In conclusion, it was shown that there is a quantitative correlation between the APB density in a GaAs-on-Si film and the amount of interfacial contamination. The primary source of contamination affecting the formation of APBs is most likely carbon-based amorphous particles, e.g., SiC. For a range of interfacial carbon dose of 1.9 × 1014 atoms/cm2 to 1.7 × 1015 atoms/cm2, the APB density increased logarithmically from 0.14 to 3.2 μm−1. TEM analysis of the GaAs/Si interface showed a direct association of APBs with amorphous particles. It is unclear if the APB is in fact being nucleated by the particle or if there is an indirect effect of carbon agglomeration at single-step sites.
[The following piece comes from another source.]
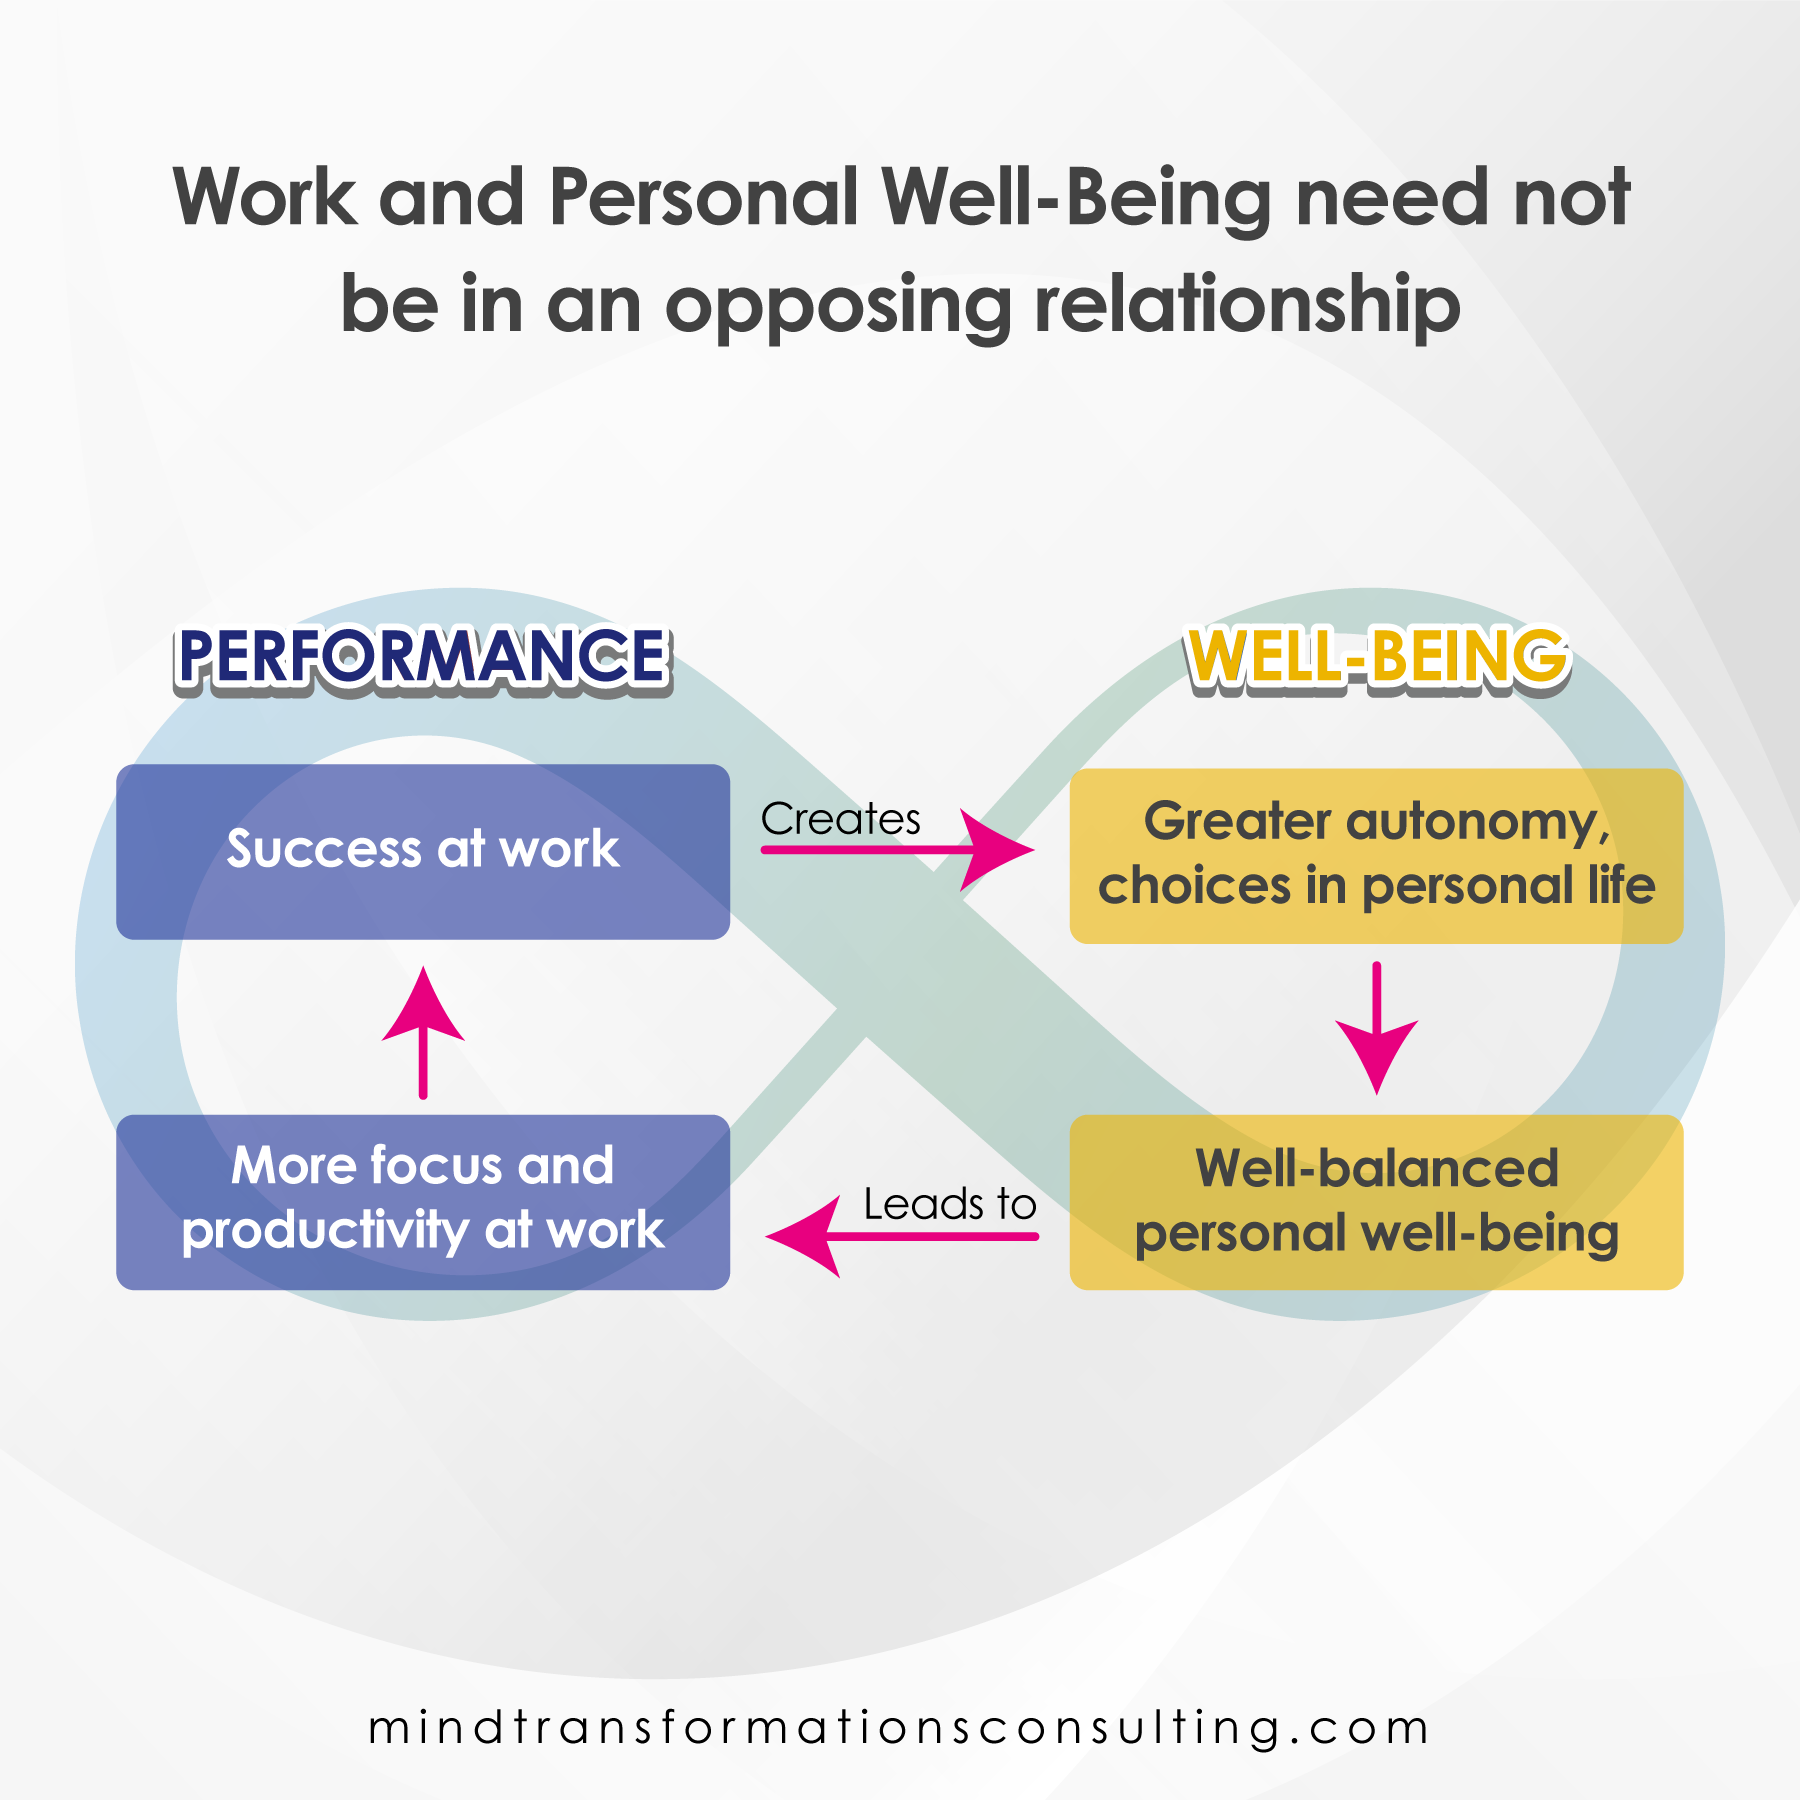 Work & Personal Well-Being need not be in opposing relationship

With either explanation, there is a clear contribution of residual contamination to additional formation of APBs. The significant increase of APB density after ~2 × 1014 atoms/cm2 of interfacial carbon dose indicates there is a critical threshold for reduction of surface contamination to minimize APB formation and in turn minimize epitaxial layer thickness. This result is important for the integration of GaAs and other III-Vs in future electronic devices without the use of typical strategies for the suppression of APB nucleation (i.e., the use off-cut wafers and high-temperature treatments) that are incompatible with conventional CMOS processing.